Gestaffelter Einstieg als Kompromiss
Für Anleger, die sich bei ATH-Käufen schlecht fühlen, ist ein gestaffelter Einstieg ein Kompromiss:
- 10.000 € in 4 monatlichen Tranchen à 2.500 €
- Statistisch schlechter als Einmalanlage (in 70 % aller historischen Perioden)
- Psychologisch aber einfacher umzusetzen
Der gestaffelte Einstieg ist kein Fehler – er ist nur statistisch suboptimal. Für Anleger, die sonst gar nicht investieren würden, ist er klar besser als Warten.
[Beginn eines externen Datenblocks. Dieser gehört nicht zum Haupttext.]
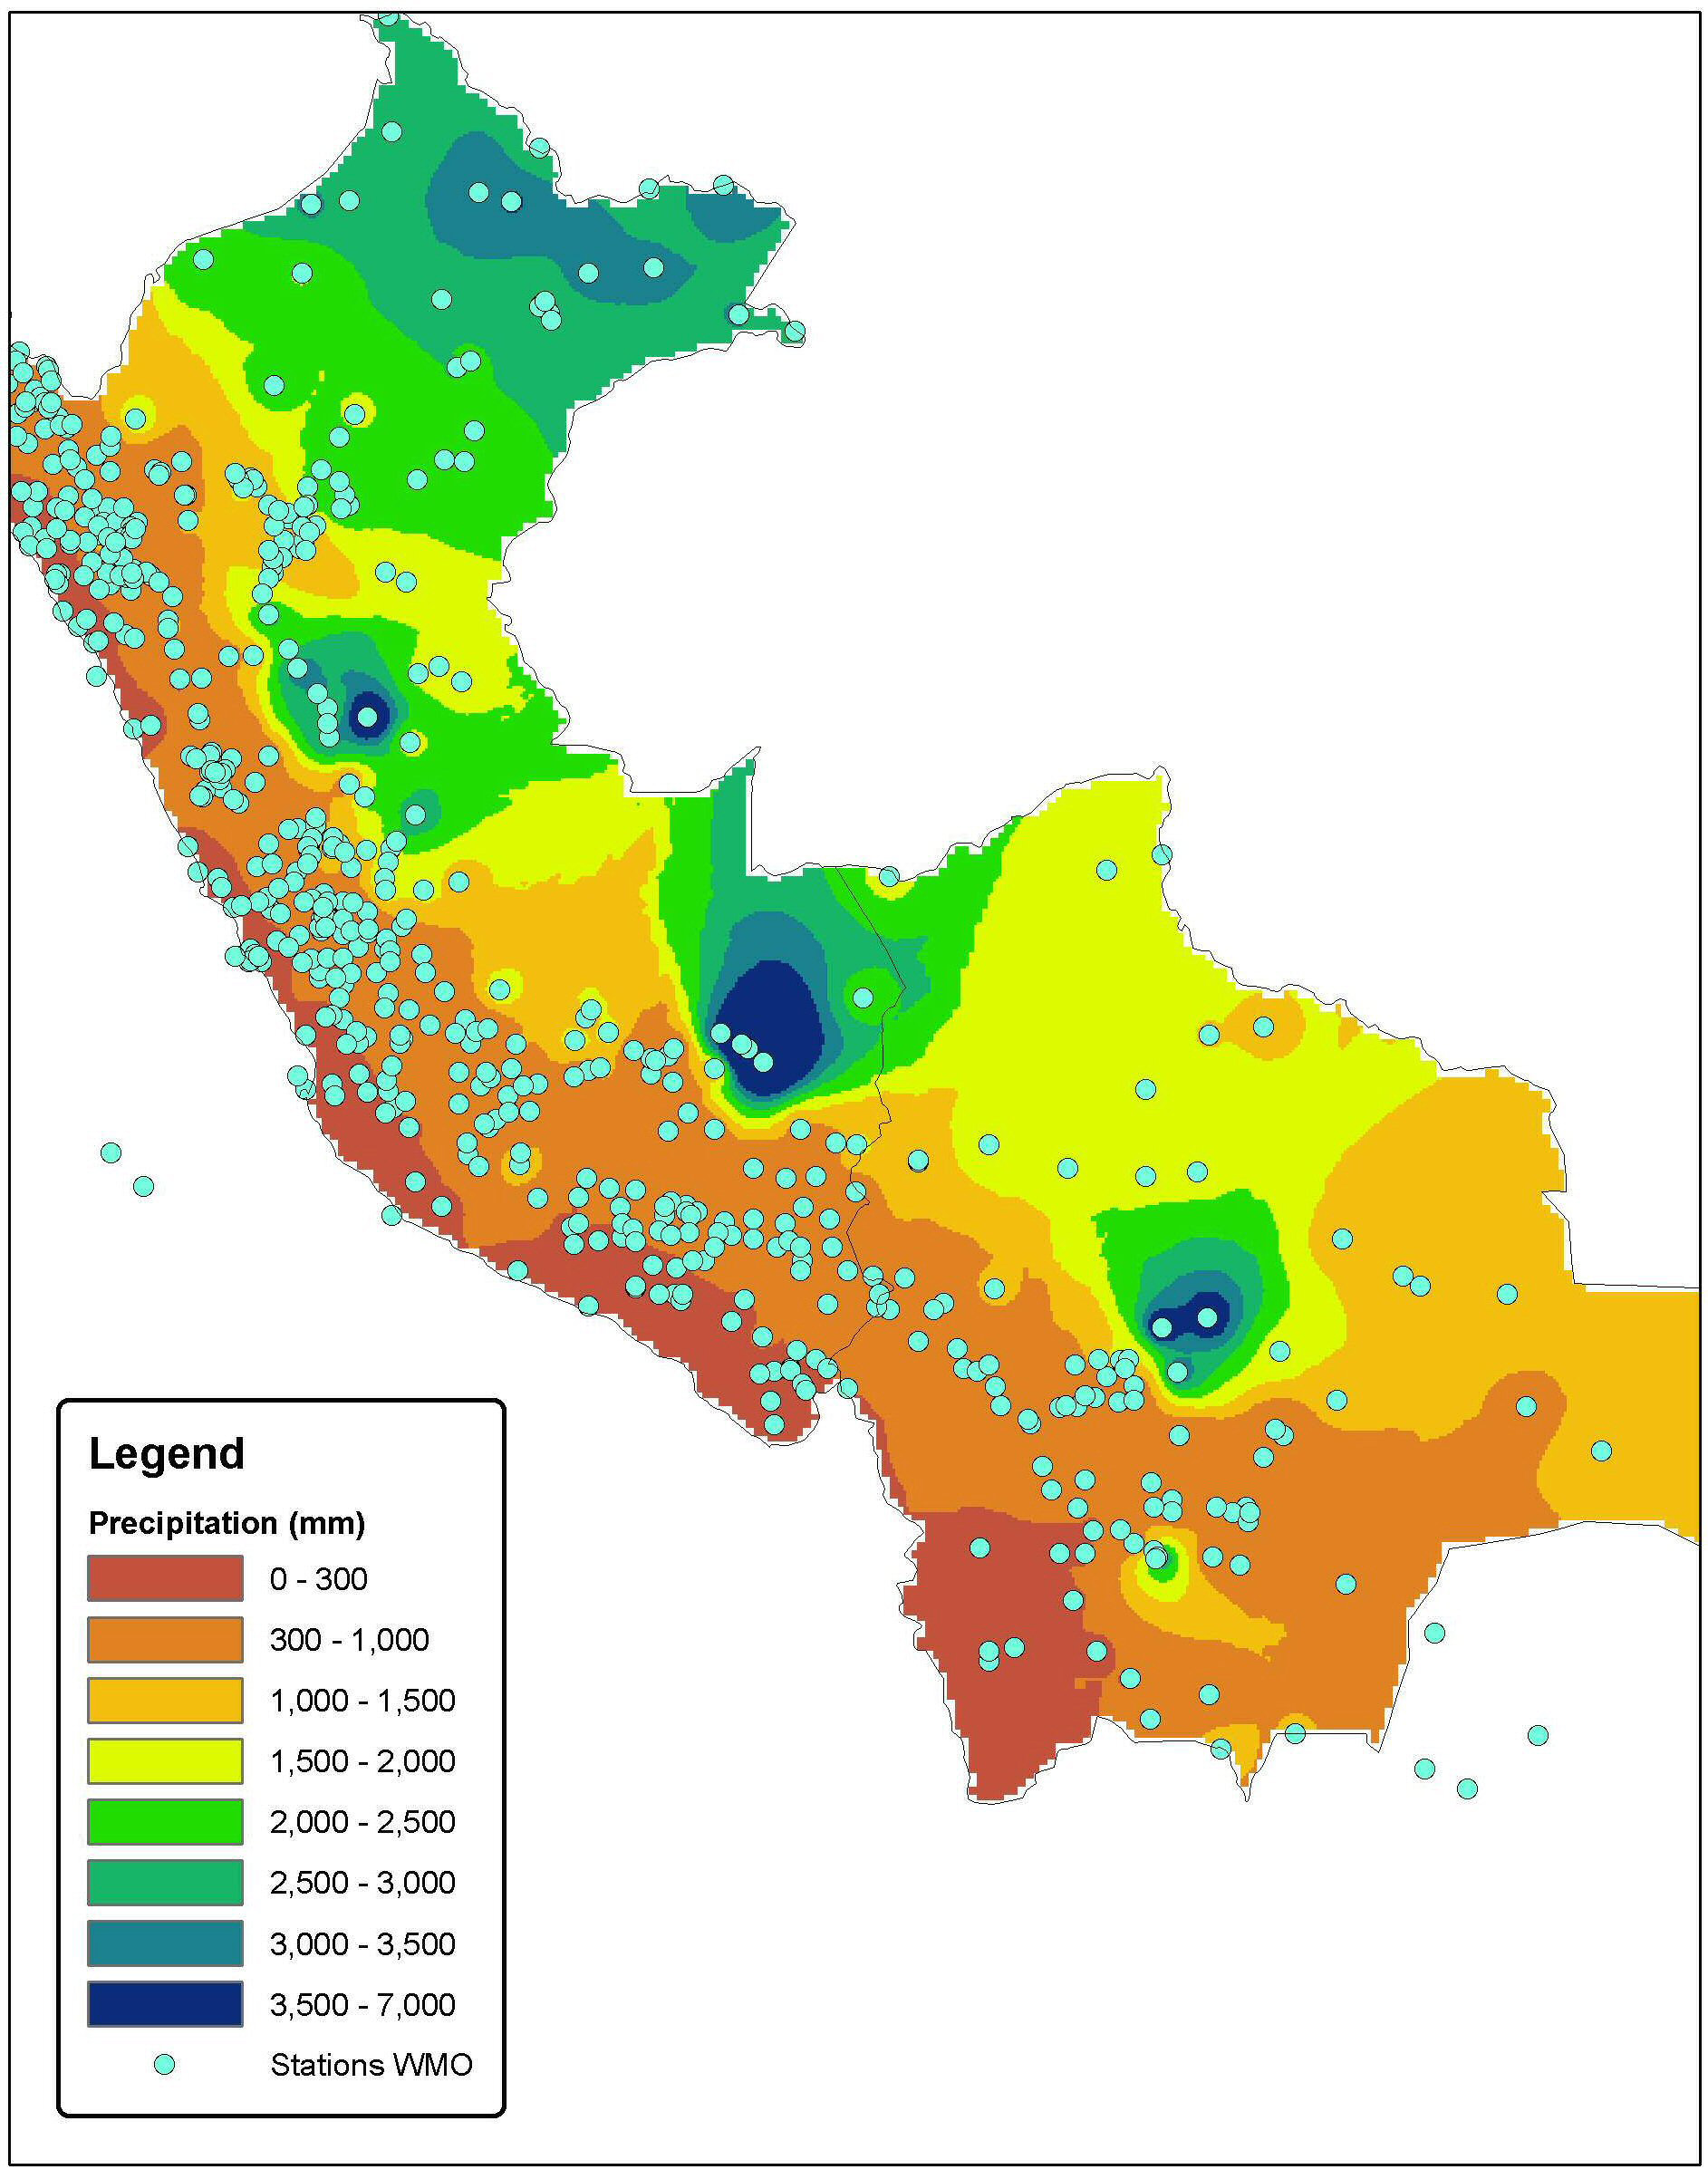 Karte der Niederschlagsmengen in Bolivien und Peru

Häufige Fragen zum Allzeithoch
Wie oft gibt es neue ATHs? Im MSCI World gab es im Durchschnitt der letzten 40 Jahre etwa 50 neue Allzeithochs pro Jahr. Das entspricht einem neuen ATH alle 5 Handelstage.
Was wenn der Markt trotzdem crasht kurz nach meinem Kauf? Dann lässt du den Sparplan weiterlaufen und wartest. Historisch hat sich der Markt von jedem Crash erholt. Der Zeitpunkt war falsch, aber die Strategie (langfristig investiert bleiben) war richtig.
Fazit
Das Allzeithoch ist kein Warnsignal — es ist ein normaler Teil des Marktlebens. In einem wachsenden Aktienmarkt sind neue Höchststände unvermeidlich und häufig. Wer systematisch auf günstigere Einstiege wartet, bezahlt dafür mit entgangener Rendite — und landet statistisch schlechter als der Anleger, der einfach sofort investiert.
Die beste Reaktion auf ein Allzeithoch: nichts Besonderes tun. Den Sparplan weiterlaufen lassen, die Einmalanlage wie geplant tätigen, und das Kursdiagramm nicht täglich kontrollieren.